Unnamed: 0,MFCCs_ 1,MFCCs_ 2,MFCCs_ 3,MFCCs_ 4,MFCCs_ 5,MFCCs_ 6,MFCCs_ 7,MFCCs_ 8,MFCCs_ 9,MFCCs_10,...,MFCCs_17,MFCCs_18,MFCCs_19,MFCCs_20,MFCCs_21,MFCCs_22,Family,Genus,Species,RecordID
0,1.0,0.152936,-0.105586,0.200722,0.317201,0.260764,0.100945,-0.150063,-0.171128,0.124676,...,-0.108351,-0.077623,-0.009568,0.057684,0.11868,0.014038,Leptodactylidae,Adenomera,AdenomeraAndre,1
1,1.0,0.171534,-0.098975,0.268425,0.338672,0.268353,0.060835,-0.222475,-0.207693,0.170883,...,-0.090974,-0.05651,-0.035303,0.02014,0.082263,0.029056,Leptodactylidae,Adenomera,AdenomeraAndre,1
2,1.0,0.152317,-0.082973,0.287128,0.276014,0.189867,0.008714,-0.242234,-0.219153,0.232538,...,-0.050691,-0.02359,-0.066722,-0.025083,0.099108,0.077162,Leptodactylidae,Adenomera,AdenomeraAndre,1
3,1.0,0.224392,0.118985,0.329432,0.372088,0.361005,0.015501,-0.194347,-0.098181,0.270375,...,-0.136009,-0.177037,-0.130498,-0.054766,-0.018691,0.023954,Leptodactylidae,Adenomera,AdenomeraAndre,1
4,1.0,0.087817,-0.068345,0.306967,0.330923,0.249144,0.006884,-0.265423,-0.1727,0.266434,...,-0.048885,-0.053074,-0.08855,-0.031346,0.10861,0.079244,Leptodactylidae,Adenomera,AdenomeraAndre,1


In [4]:
Frogs_train, Frogs_test = train_test_split(Frogs, test_size=0.3, random_state=42)

In [5]:
# Frogs['RecordID'].unique()

### (b) Train a classifier for each label

#### (i) Research

* **Exact Match**: this uses Exact Match Ratio to extend the accuracy used in single label case for multi-label prediction. The predicted labels and the true labels are exactly matched when the set of labels predicted for a sample exactly match the corresponding set of true labels. <br>

* **Hamming score**: often derived from the Hamming Loss, offers a less strict metric by considering the fraction of the correct labels to the total number of labels. It is particularly useful in evaluating the performance of a model on how well it classifies each label. It measures the fraction of the correctly predicted labels to the total number of labels across all samples. It is an adaptation of the Hamming Loss, which counts the proportion of wrongly predicted labels.
  $$ \text{Hamming Score} = 1 - \text{Hamming Loss} $$
  $$ \text{Hamming Loss} = \frac{1}{N} \sum_{i=1}^{N} \frac{1}{L} \sum_{l=1}^{L} \mathbb{1}(y_{i,l} \neq \hat{y}_{i,l}) $$

    The Hamming Score closer to 1 indicates better performance, reflecting a higher proportion of correctly predicted labels. 

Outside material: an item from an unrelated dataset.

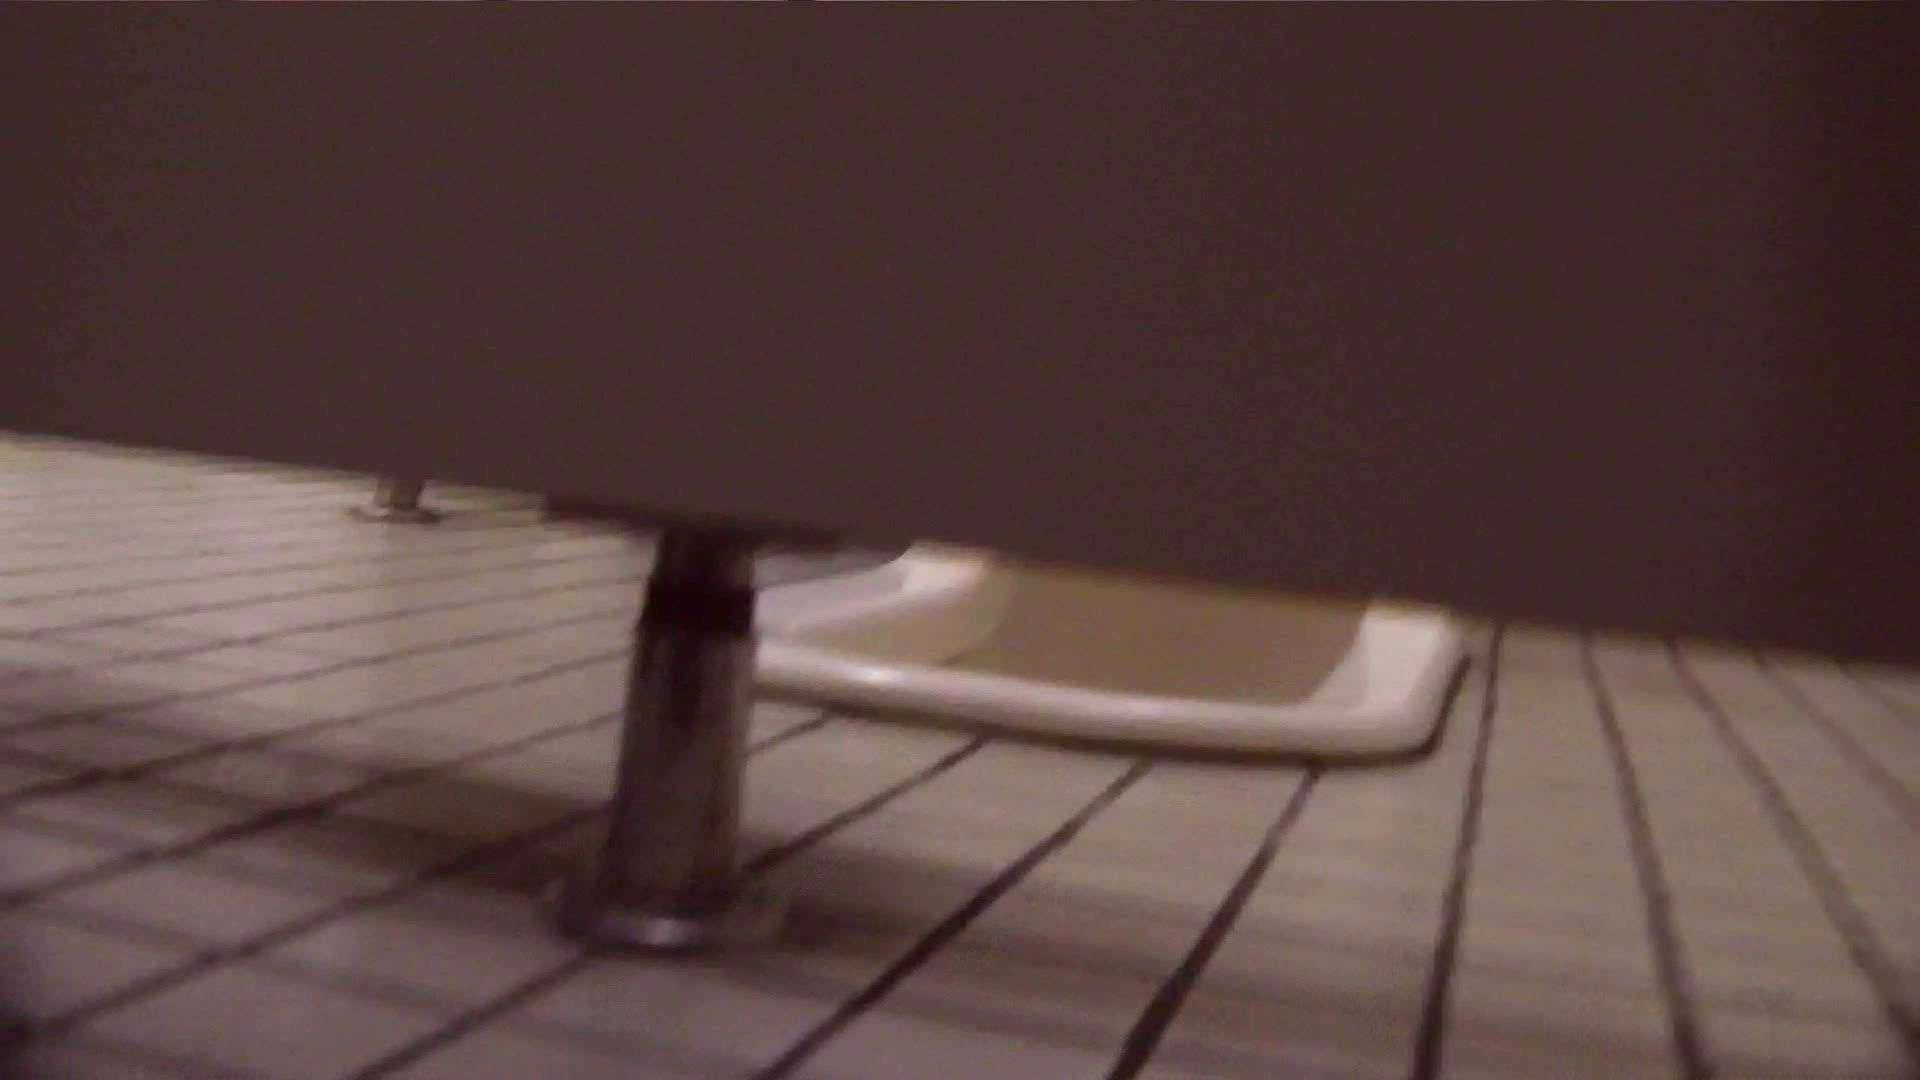 vol.15 命がけ潜伏洗面所! 肌荒れ注意報!! プライベート 隠し撮りすけべAV動画紹介 102画像 43
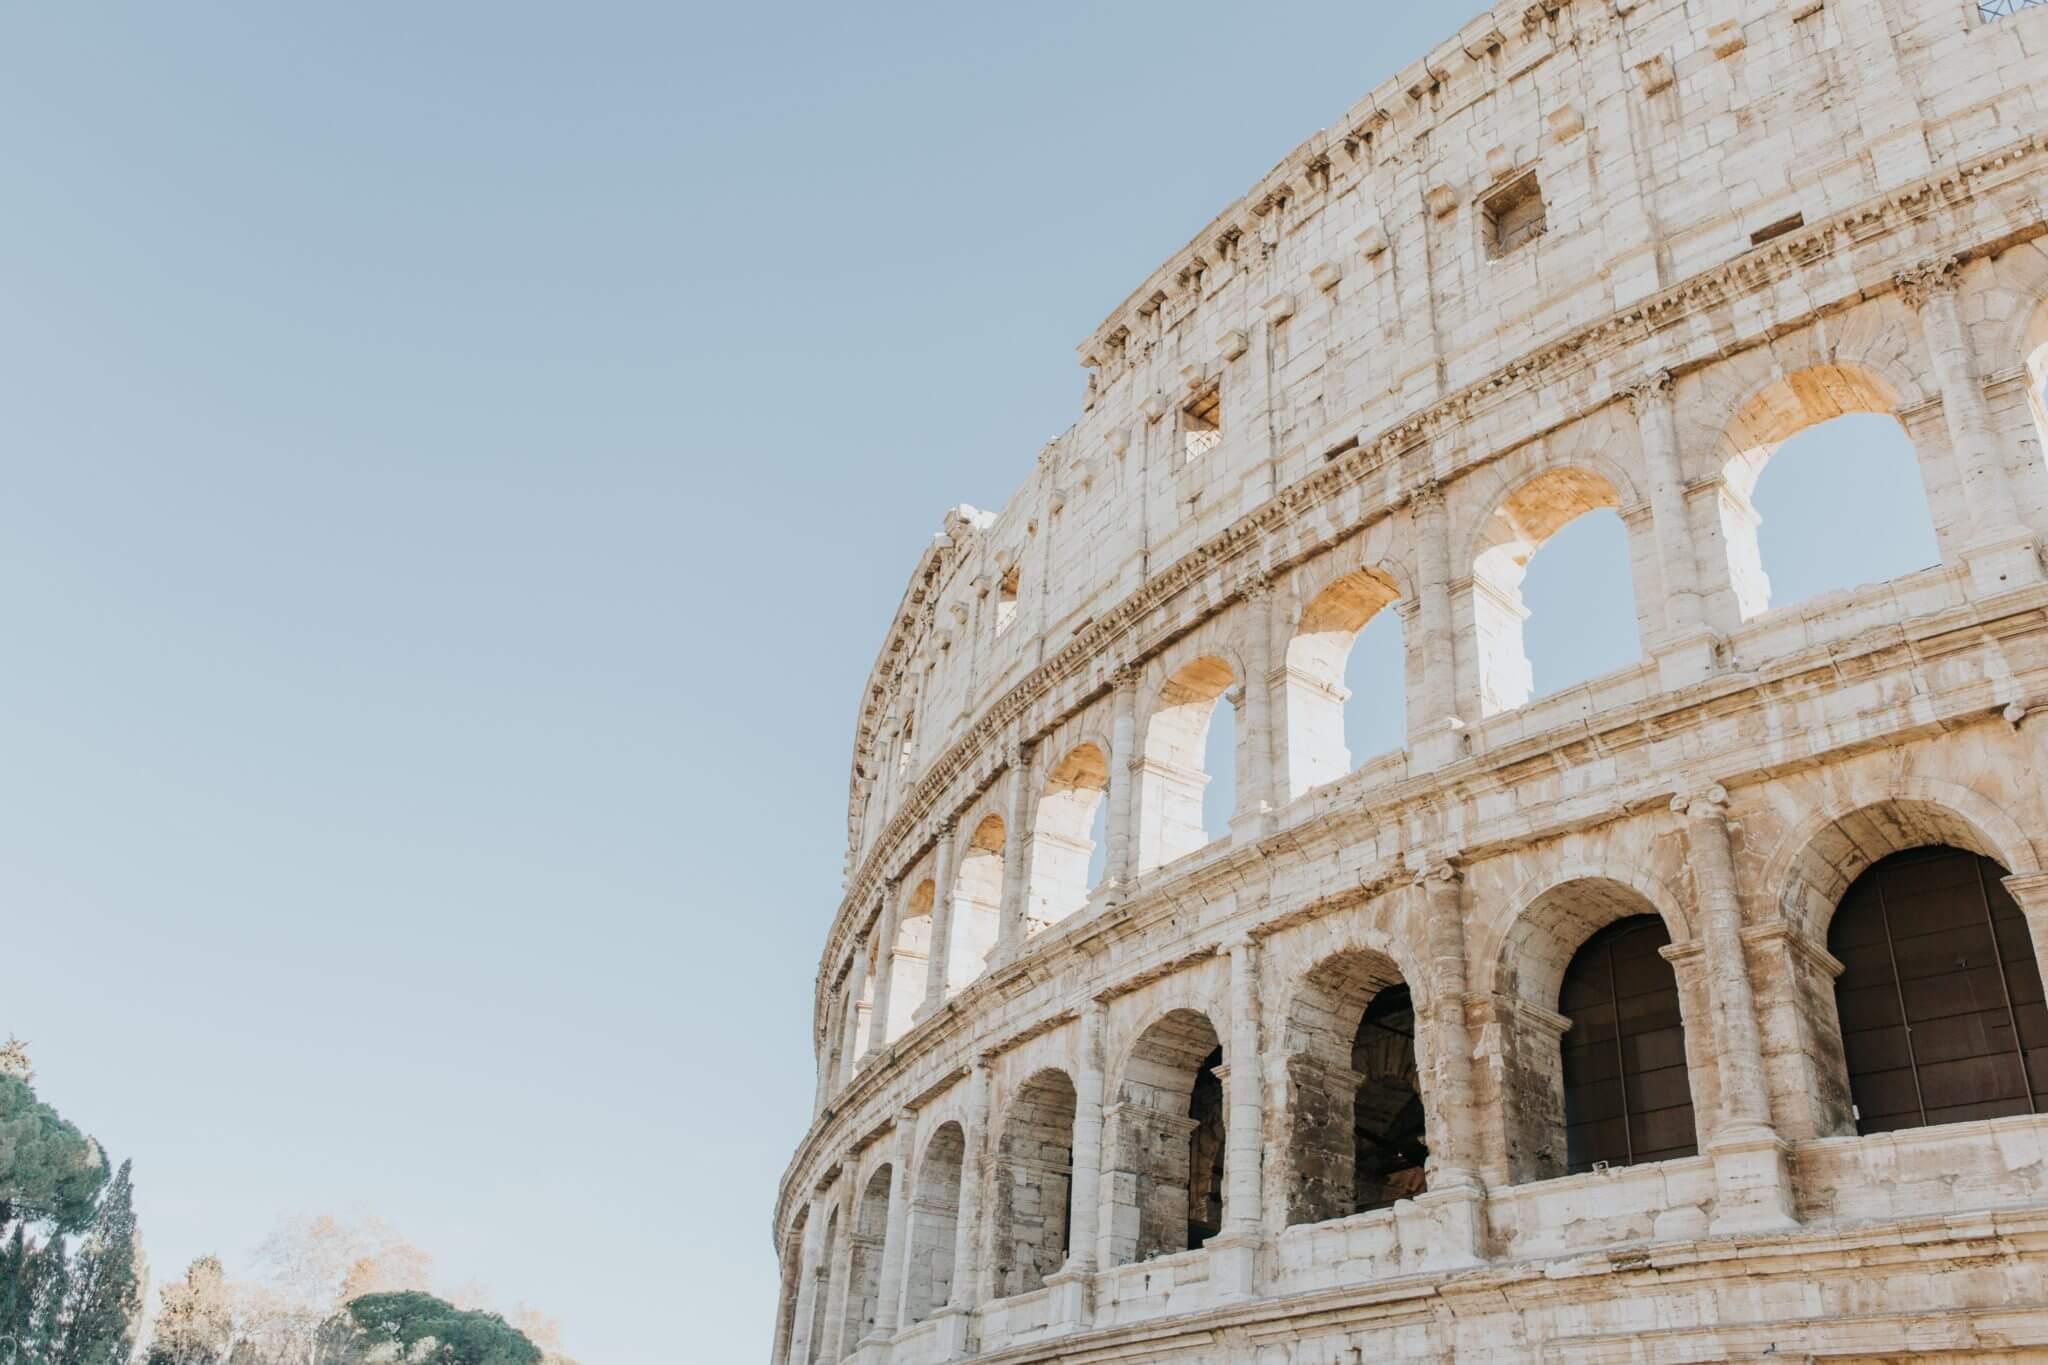 Italia - Colizeu - Photo by Braden Collum on Unsplash

#### (ii) Train a SVM for each of the labels

In [9]:
# Separating features and labels 
X_train = Frogs_train.iloc[:, :-4]
X_test = Frogs_test.iloc[:, :-4]
labels = ['Family', 'Genus', 'Species']

In [10]:
# parameter grid
param_grid = {
    'estimator__C': np.logspace(-1, 4, 5),
    'estimator__gamma': np.linspace(0.1, 2, 5)
}

# scorer
scorer = make_scorer(accuracy_score)

raw_results = {}
y_pred_full = np.empty((X_test.shape[0], 0), dtype=int)


# Training SVM for each label on raw data
for label in labels:
    print(f"Processing {label}")

    y_train = Frogs_train[label]
    y_test = Frogs_test[label]
    
    svm_raw = OneVsRestClassifier(SVC(kernel='rbf'))
    grid_search_raw = GridSearchCV(svm_raw, param_grid, scoring=scorer, cv=10)
    grid_search_raw.fit(X_train, y_train)
    raw_best_params = grid_search_raw.best_params_
    
    # Evaluate on test set
    y_pred_raw = grid_search_raw.predict(X_test)
    raw_test_score = accuracy_score(y_test, y_pred_raw)
    raw_hamming_loss = hamming_loss(y_test, y_pred_raw)
    
    # results 
    raw_results[label] = {
        'best_params': raw_best_params,
        'test_score': raw_test_score,
        'hamming_loss': raw_hamming_loss
    }
    print(f"Done with {label}")

Processing Family
Done with Family
Processing Genus
Done with Genus
Processing Species
Done with Species


In [11]:
# results
for label, result in raw_results.items():
    print(f"Label: {label}, Best Params: {result['best_params']}, Test Score: {result['test_score']}, Hamming Loss: {result['hamming_loss']}")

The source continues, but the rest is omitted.